- [Your goal]:
Copy verbatim the block of lines in the entries below whose first line contains "Lorence Fashion Magazine" and whose last line contains "AHI President, Nick Larigakis". Leave out all other lines.

- [Extracted entries]:
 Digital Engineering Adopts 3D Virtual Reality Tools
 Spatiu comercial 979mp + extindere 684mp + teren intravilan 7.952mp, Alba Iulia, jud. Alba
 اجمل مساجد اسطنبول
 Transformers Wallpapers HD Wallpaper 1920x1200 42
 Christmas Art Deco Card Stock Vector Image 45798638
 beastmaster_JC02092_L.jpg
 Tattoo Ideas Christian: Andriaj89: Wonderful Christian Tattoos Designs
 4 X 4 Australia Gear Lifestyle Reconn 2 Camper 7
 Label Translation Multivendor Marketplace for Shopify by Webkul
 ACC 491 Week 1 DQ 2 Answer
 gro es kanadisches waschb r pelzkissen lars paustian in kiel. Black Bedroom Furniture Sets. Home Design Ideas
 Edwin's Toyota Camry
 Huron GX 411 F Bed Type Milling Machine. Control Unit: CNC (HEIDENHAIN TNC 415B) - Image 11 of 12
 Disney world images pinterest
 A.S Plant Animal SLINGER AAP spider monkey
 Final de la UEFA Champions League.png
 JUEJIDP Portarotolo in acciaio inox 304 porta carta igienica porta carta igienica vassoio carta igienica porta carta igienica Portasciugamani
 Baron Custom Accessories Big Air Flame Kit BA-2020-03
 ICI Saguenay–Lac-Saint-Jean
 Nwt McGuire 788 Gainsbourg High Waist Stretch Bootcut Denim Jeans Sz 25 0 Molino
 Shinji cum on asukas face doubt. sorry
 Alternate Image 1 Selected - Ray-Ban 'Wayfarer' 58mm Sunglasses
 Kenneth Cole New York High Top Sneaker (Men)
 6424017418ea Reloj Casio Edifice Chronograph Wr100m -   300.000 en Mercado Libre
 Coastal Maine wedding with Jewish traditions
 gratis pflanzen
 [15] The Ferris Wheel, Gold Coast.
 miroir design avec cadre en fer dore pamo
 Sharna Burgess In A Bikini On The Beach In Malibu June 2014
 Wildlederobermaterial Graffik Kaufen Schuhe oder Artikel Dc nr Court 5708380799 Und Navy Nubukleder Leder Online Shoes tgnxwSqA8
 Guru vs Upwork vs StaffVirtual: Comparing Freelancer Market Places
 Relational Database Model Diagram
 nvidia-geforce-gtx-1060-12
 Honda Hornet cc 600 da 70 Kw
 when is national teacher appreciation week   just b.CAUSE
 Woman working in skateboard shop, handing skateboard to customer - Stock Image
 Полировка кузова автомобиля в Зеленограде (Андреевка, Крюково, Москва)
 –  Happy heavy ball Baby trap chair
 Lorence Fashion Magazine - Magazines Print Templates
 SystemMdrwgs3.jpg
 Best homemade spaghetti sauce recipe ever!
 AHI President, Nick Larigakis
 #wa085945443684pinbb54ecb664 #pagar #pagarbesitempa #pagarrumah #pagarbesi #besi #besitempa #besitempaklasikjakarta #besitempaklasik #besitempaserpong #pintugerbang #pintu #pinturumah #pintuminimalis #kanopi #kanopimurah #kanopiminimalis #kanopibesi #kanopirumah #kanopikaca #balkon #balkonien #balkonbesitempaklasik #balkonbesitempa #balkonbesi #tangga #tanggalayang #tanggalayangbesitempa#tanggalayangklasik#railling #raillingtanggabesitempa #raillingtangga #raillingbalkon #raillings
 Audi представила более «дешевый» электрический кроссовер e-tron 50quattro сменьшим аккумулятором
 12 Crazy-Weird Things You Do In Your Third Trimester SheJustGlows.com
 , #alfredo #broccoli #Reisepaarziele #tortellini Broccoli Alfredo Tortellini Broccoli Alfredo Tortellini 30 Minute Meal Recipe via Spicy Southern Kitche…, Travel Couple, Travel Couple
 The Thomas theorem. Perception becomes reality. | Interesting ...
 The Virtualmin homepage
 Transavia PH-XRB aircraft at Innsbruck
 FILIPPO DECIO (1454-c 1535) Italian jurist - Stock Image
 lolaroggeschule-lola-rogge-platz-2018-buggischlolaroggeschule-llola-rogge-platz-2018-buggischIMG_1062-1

- [Output of the exercise]:
 Lorence Fashion Magazine - Magazines Print Templates
 SystemMdrwgs3.jpg
 Best homemade spaghetti sauce recipe ever!
 AHI President, Nick Larigakis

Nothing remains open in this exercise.